Он заточил себя в больничных стенах. Обходы, операции, назначения, очные и заочные консультации… Трудно было сказать, с кем, одержимый, он ведет борьбу более пылко — с гитлеровцами или человеческой болью… А я? В некой своей предвзятости даже это ставила ему в вину! Не доверяла, обвиняла и в том, что его дважды арестовывали и выпускали. Не думала, как ему после этого было браться за прежнее. Что-то важное притупилось во мне, не давало по-человечески мыслить.

Наперекор логике, в лагере мы много пели. Пусть тихо, едва слышно, но пели. Чтобы была разрядка, впадали в детство, чудили. Это, как и общее несчастье, сближало нас. Щедролюбивая Геля привязалась ко мне, как маленькая… Но вышли мы вместе от Клумовых лишь па крыльцо. Заплакав навзрыд, Геля бросилась со ступенек и побежала от меня, как от чудовища. Потом, правда, поборов себя, вернулась и, заикаясь совсем как прежде, выдохнула мне в лицо:

— Вы-ы!.. А знаете вы… что он был связан еще с первым подпольным горкомом?.. Хотя… какое вам дело? Вы врач, а не представляете, что значит, например, для бойца сознание — если ранят, рану перевяжут! Шелк в спирту — и стерильный материал, и надежда. А кто их давал и переправлял в лес? Эх, вы!

— Ты глядишь сквозь розовые очки, Геля.

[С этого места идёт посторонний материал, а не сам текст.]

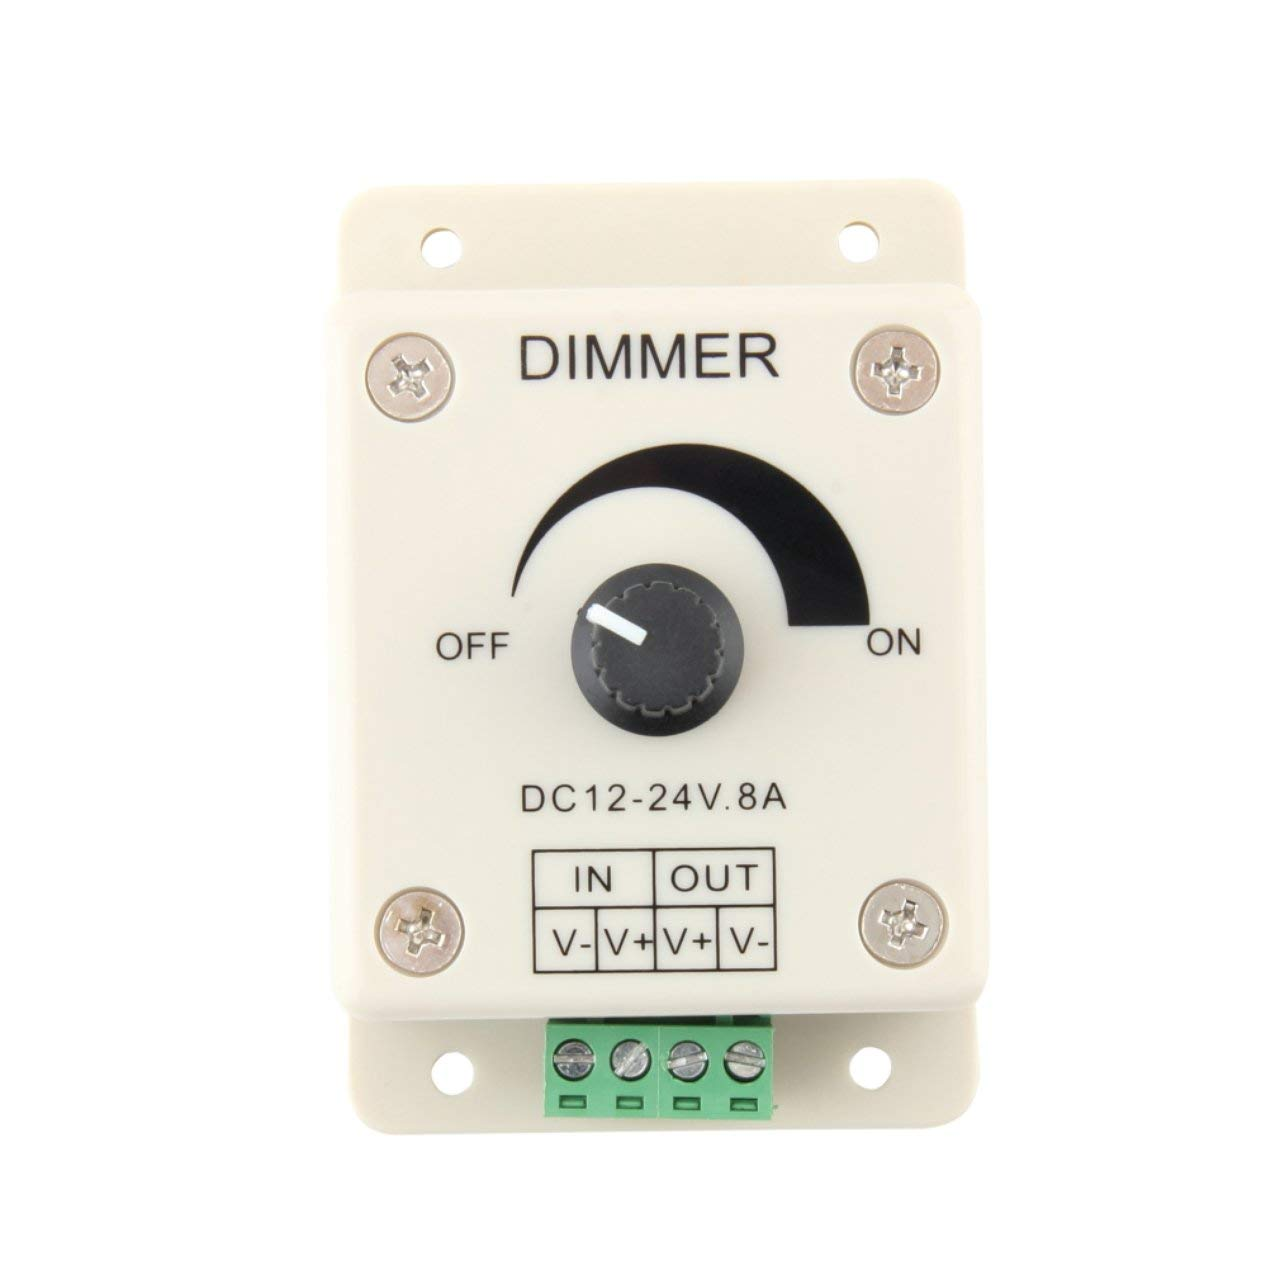 12V 8A LED Light Protect Strip Dimmer Adjustable Brightness Controller For LED Strip Light Lamp Accessories

В его откровенной добросердечности гордыня, самолюбование!

— А у вас хуже — у вас шоры… Злая жестокость, нежелание быть самой собою… Может, и первые неудачи в войне были потому, что некоторые забыли, кто они…

Я не сомкнула глаз целую ночь. Чувствовала, что не спит и Геля. Уснула лишь на рассвете, когда наши «ИЛ-4» возвращались с задания на свои аэродромы.

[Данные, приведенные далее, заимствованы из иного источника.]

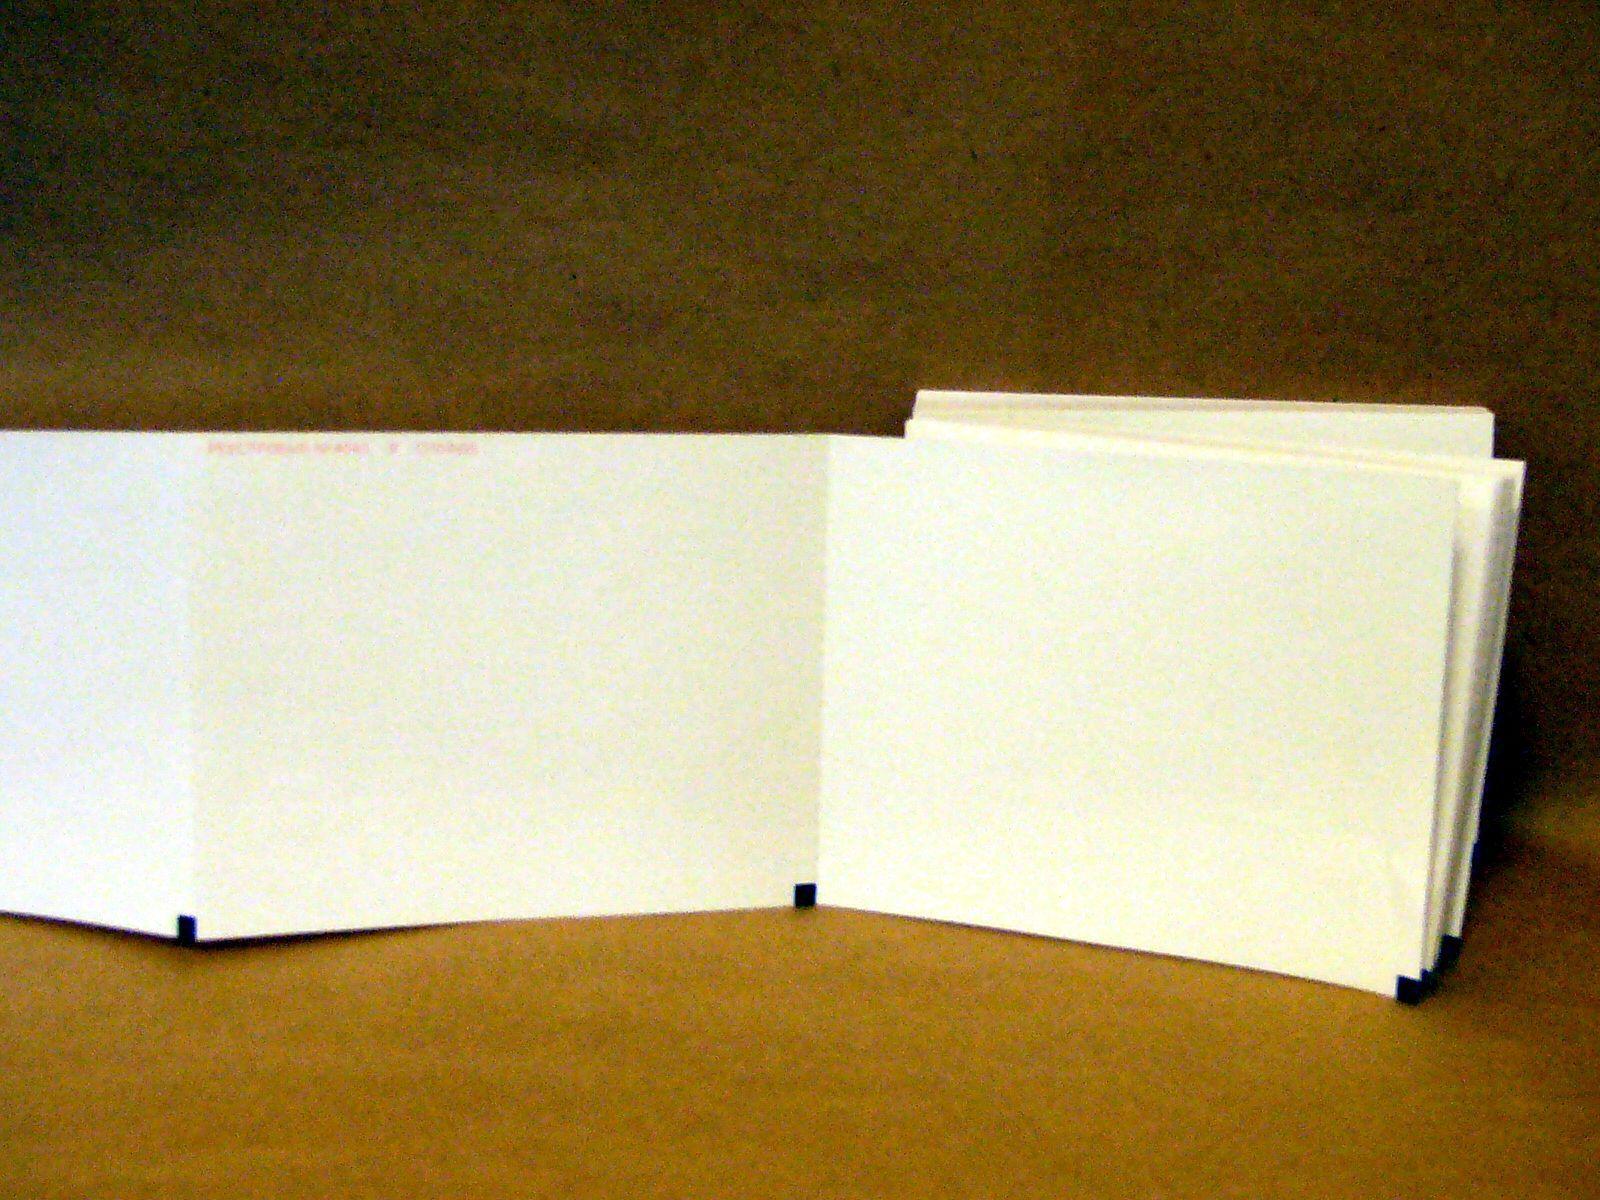 210х140х215, бумага ЭКГ для Nihon Kohden, реестр 4089/1

Униженная, пристыженная, я мучилась и страдала.

Вспоминалось то одно, то другое. Когда не хватало сил, стонала. В бараке было холодно. Вокруг кашляли, ворочались, бормотали спросонок, и мне казалось: это копошится какое-то бесформенное, лохматое, больное астмой существо.

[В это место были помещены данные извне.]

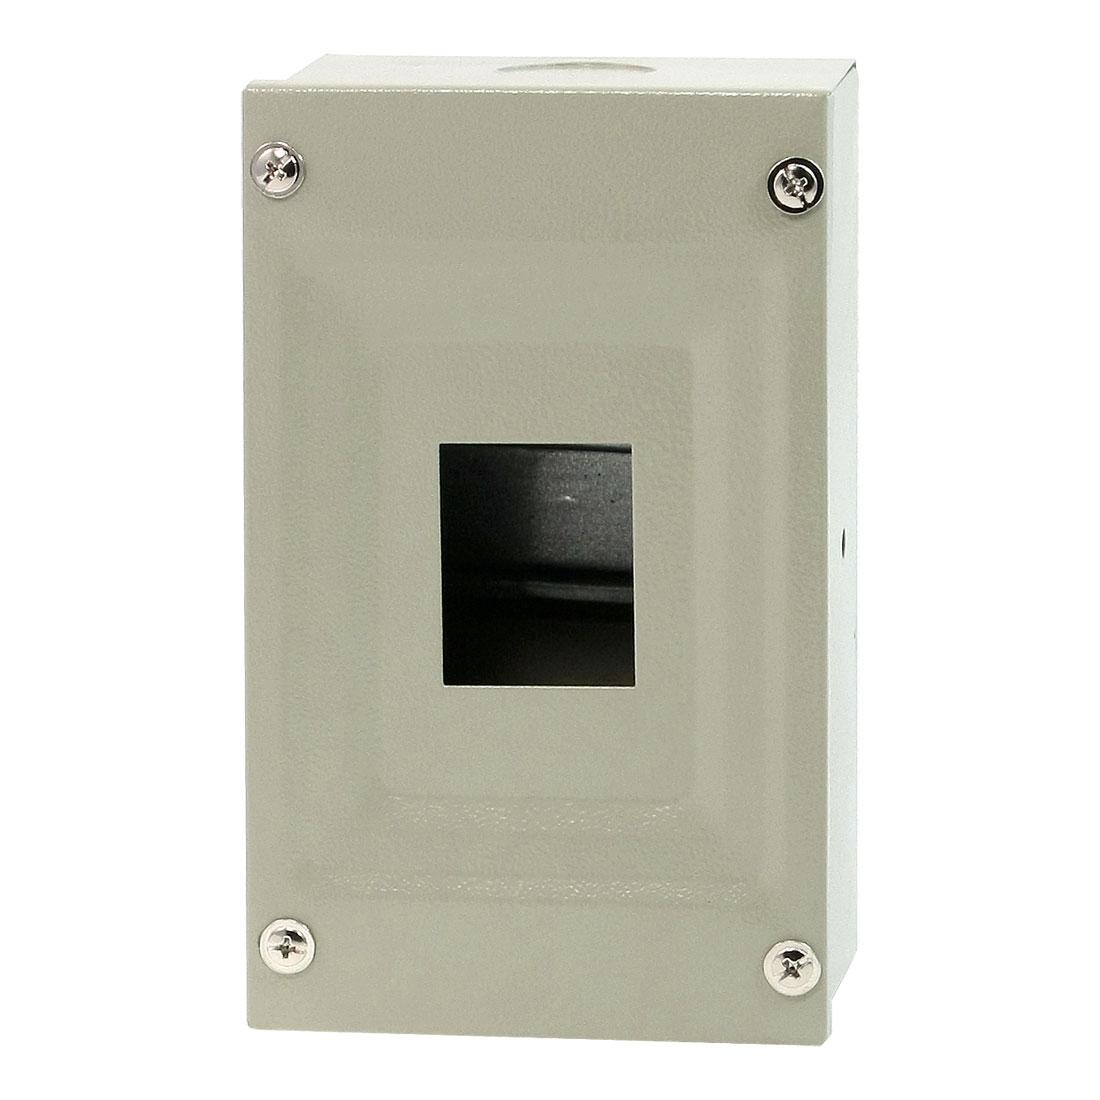 Rectangular Gray Metal Main Distribution Box Guard Cover for Factory

Назойливо вспоминалась наша Танечка… Эсдековцы привезли из тюрьмы ее мать. Не спускали с нее глаз, пока не родила, и через день увезли назад. А ребенка, Танечку, — Клумов настоял — оставили. И вот то и дело, словно я бредила, мне представлялась эта девочка. И на койке, когда Евгений Владимирович выслушивал ее, делал ей гимнастические упражнения, гудя, как она. И позже, когда Танечка подросла, когда на просьбу показать, как она любит профессора, сжимала кулачки, сжималась вся и аж краснела от напряжения. Представлялся сам Клумов, только уже в вонючем тифозном бараке, между нар, худой, измученный, как и больные, которых лечил. «Персоветская», — звучало в ушах.